I have some code that’s designed to provide a hook into I6 so you can run your own code to figure out whether the article should be “a” or “an,” which would allow you to program in exceptions for words like “hourglass” and “uranium,” but last I checked IIRC it would occasionally put in line breaks where they shouldn’t be. Overloading the reset the article phrase is probably a good idea! Though you’d also have to do it When Play Begins.

Another thing you could do is give some things a default indefinite article property, and in the reset the article phrase you could check to see if the item has a default indefinite article, and if it does set the indefinite article to that.

One thing about the indefinite article is that, if it can appear in sentence-initial position, you want to check whether your hand-rolled indefinite articles are getting capitalized properly. (I think some of the default Inform messages may have been designed not to put indefinite articles in sentence-initial positions because Inform didn’t always handle capitalized indefinite articles. I wouldn’t at all be surprised if part of the reason you get “box (open)” rather than “open box” is that Inform used not to be able to look ahead and check whether the first letter of the thing it was about to print was a vowel.)

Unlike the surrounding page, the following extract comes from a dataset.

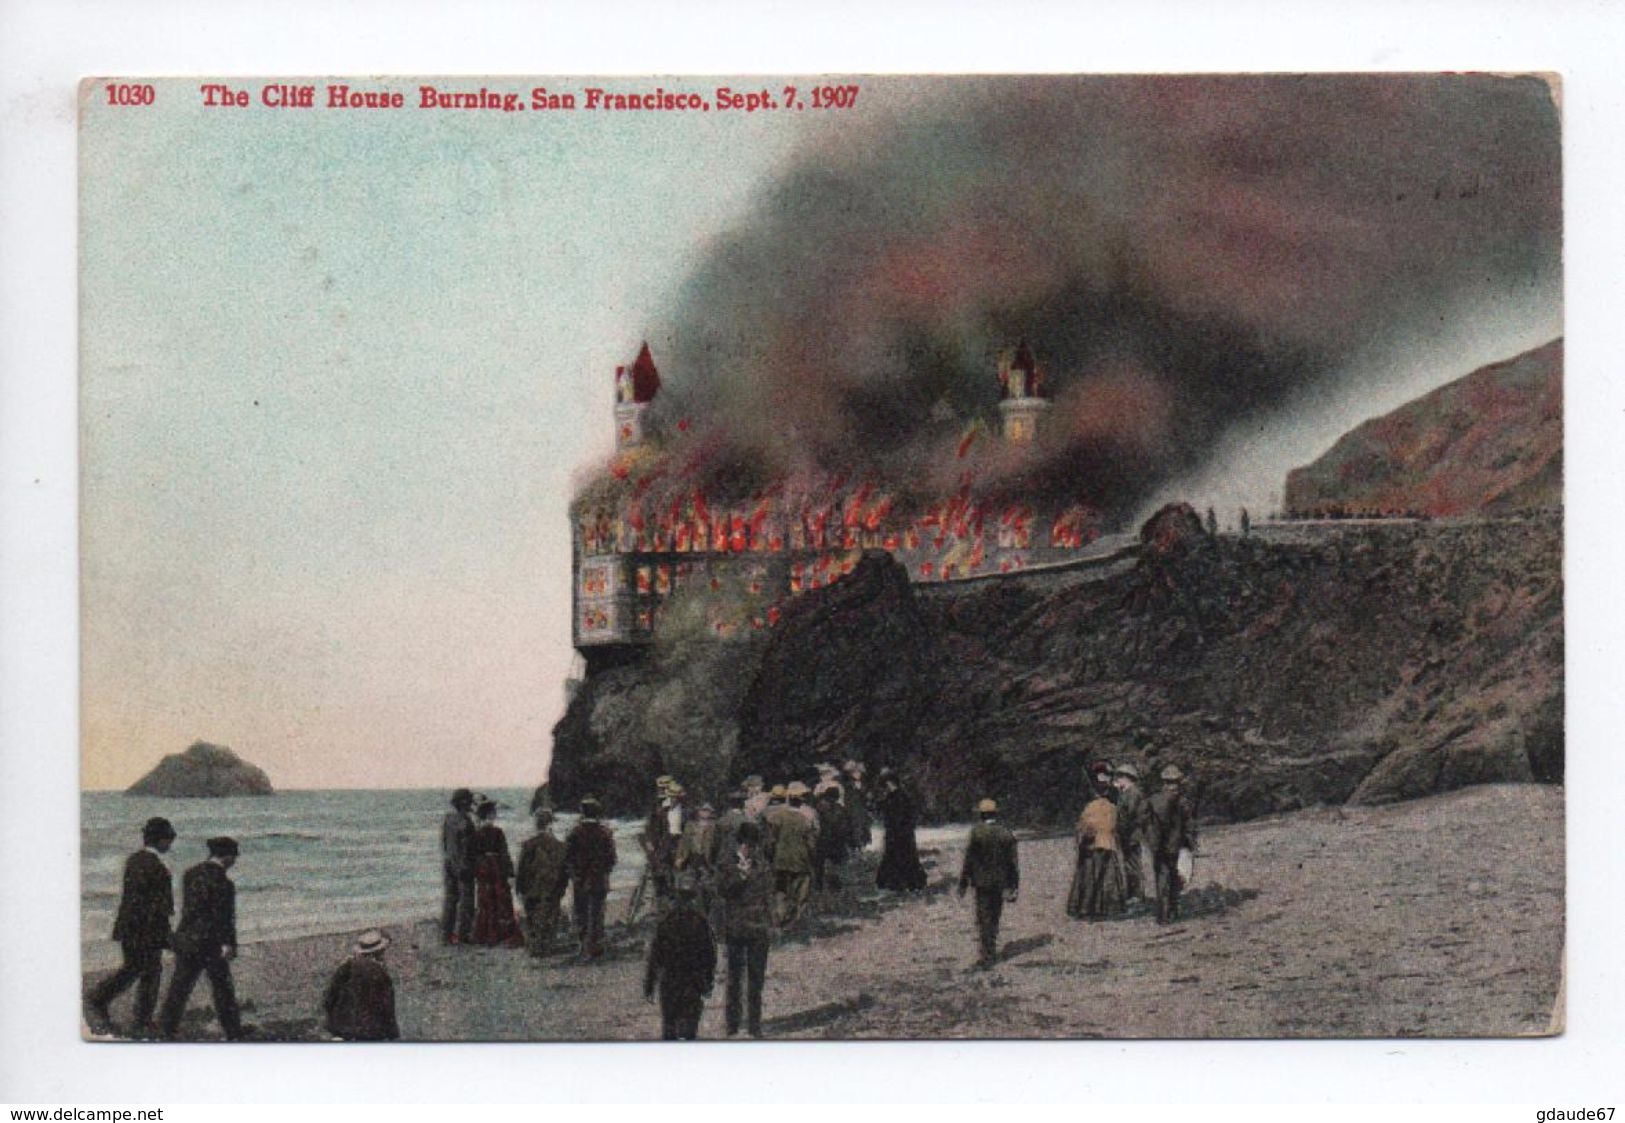 SAN FRANCISCO - THE CLIFF HOUSE BURNING - SEPT 7. 1907 - San Francisco

As I understand it, there lies the point of contention between the American and British way of pronunciation. Alas, I backed the wrong horse, being an RP speaker, as the ‘h’ is silent in US pronunciation, not British.

True, I didn’t really consider how to do it on a purely practical level, just that this would be a neat opportunity for baseline-with-exception type code.

Is there a flag for “this should be written in the beginning of a sentence” behavior?

I think it’s just that you write “[An item]” instead of “[an item]”. And it may be automatically capitalized even if you’ve set the article by hand… in fact I’m pretty sure it is. So the concern is moot, never mind. (The article-messing code I have is really only for when lots of random words can get stuck in front of the noun’s name. I think I started it because I didn’t realize that Inform had a default look-ahead.)